All these are create with 1.0.9 and used with darcs 2.3.1 I have used
darcs-2 format with my new repos, but I have not upgraded these to
paranoid fear of exposing bugs. My work depends on these.
I'm using these both locally and over the network. Locally the
performance is fine, over the network acceptable.
Kari
On 3/30/2010 9:17 AM, Mark Stosberg wrote:
Hello,
I thought I'd share the metrics on our largest project we manage with
darcs:
100,000 lines of Perl code
127 Megs of disk storage
3983 files
5 regular committers
Tools to compute the metrics
( I exclude the _darcs directory and third-party libraries in our tree )
- sloccount project
- find project -type f | wc -l
- du -hc project
###
Darcs handles a project of this size easily. Beautifully, actually. As
someone who also uses git regularly, I can't imagine the amount of
inefficiency and overhead we would experience if we tried to switch our
workflow over to git.
You might think that this is possible by using the latest-and-greatest
darcs, but we are we are still using darcs 1.0.6 for our "beta" and
"production" repos, including the darcs-1 format. (We are able to use
the newest darcs in our personal development repos).

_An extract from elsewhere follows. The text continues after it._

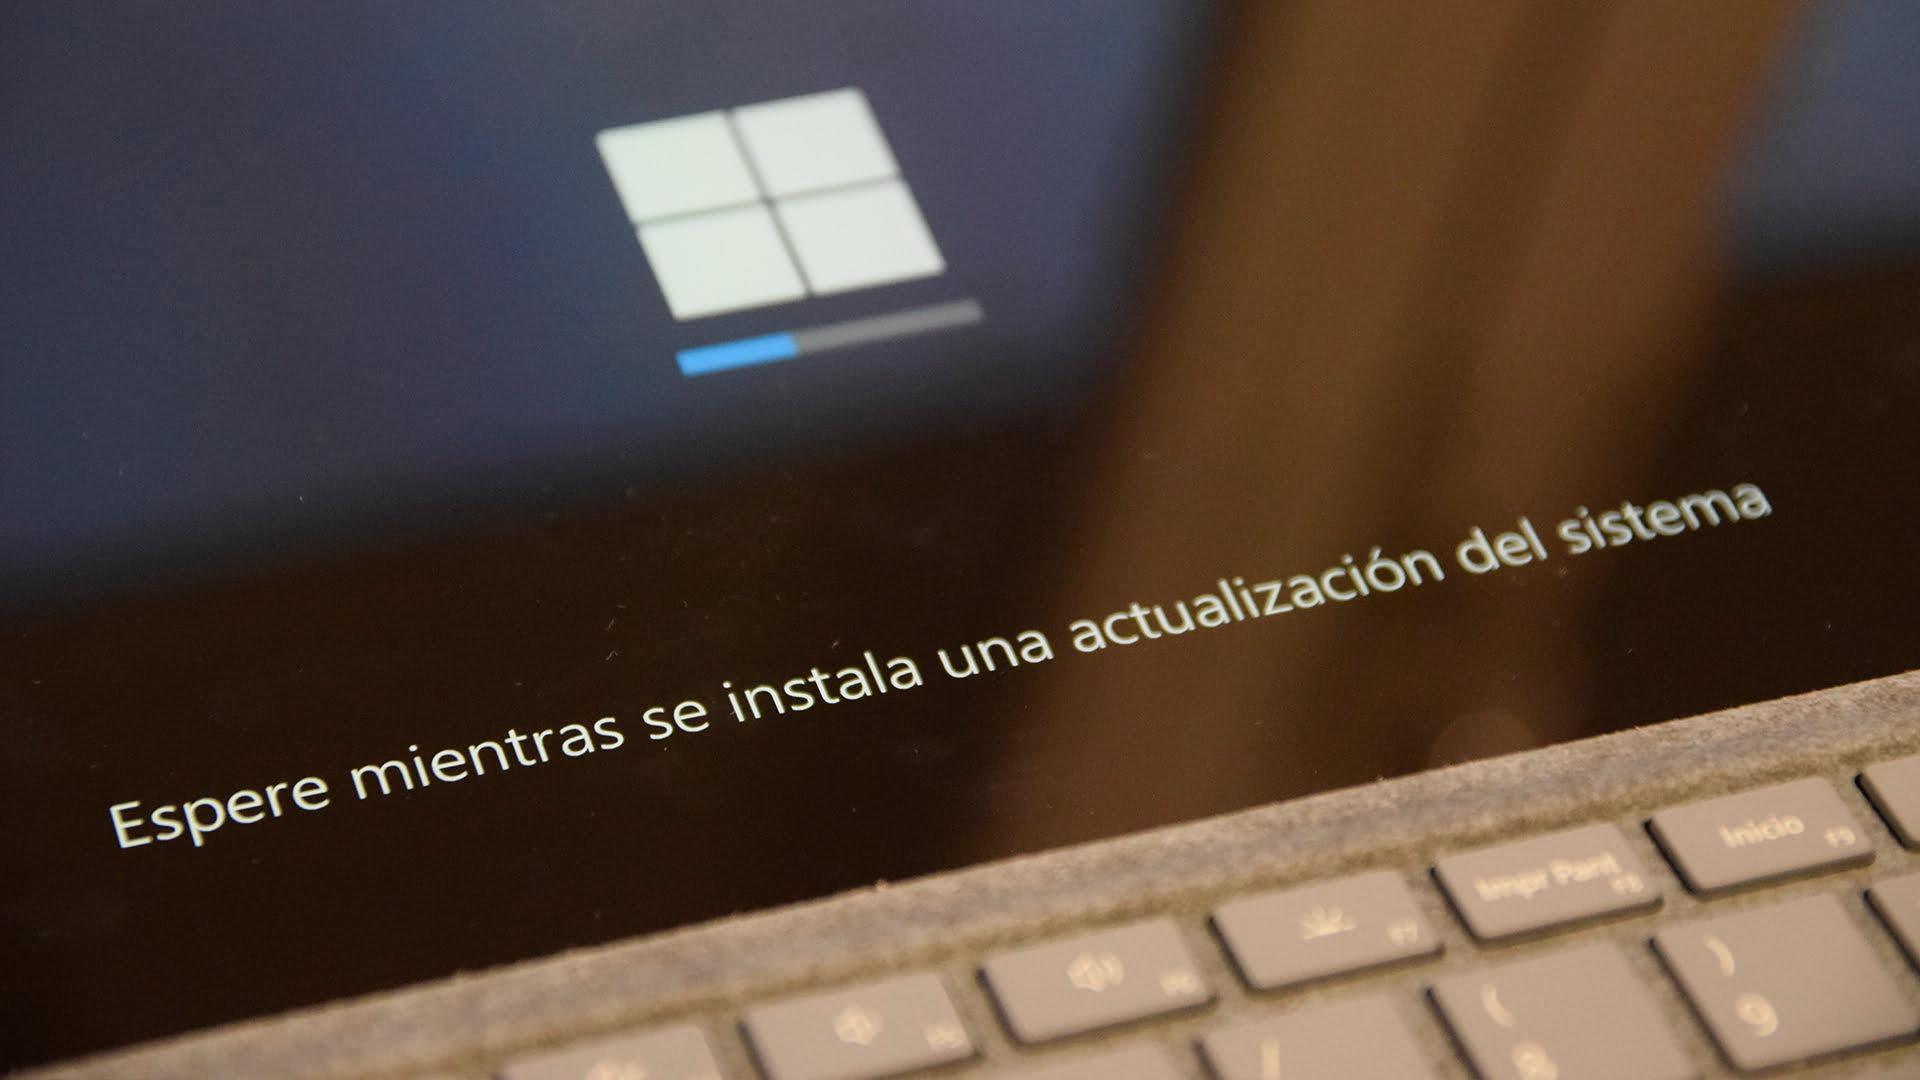 Surface Pro 7 actualizando

We find performance is quite sufficient and we are able to have a
streamlined and flexible workflow. Our graphic designer is one of our
regular committers, and she was able to readily learn and use and darcs
effectively along with the programmers.
I challenge darcs reputation for being good at "small" projects. Today I
can say that darcs is works well for projects with a 100,000 lines of
code.
Some may say "I only want to learn one source control system". After
you've learned git, I can see why you wouldn't want to go through the
effort to learn another. But darcs is far easier to learn and use.
( Just compare the basic "fix a bug" workflow!
http://hackage.haskell.org/trac/ghc/wiki/GitForDarcsUsers#Fixabug )
Even for those who have learned git, I would consider it worthwhile to
use darcs for other projects when you can.
I've written some more about darcs vs git on my blog:
http://mark.stosberg.com/blog/darcs/
How about you: do you have a big darcs projects to share?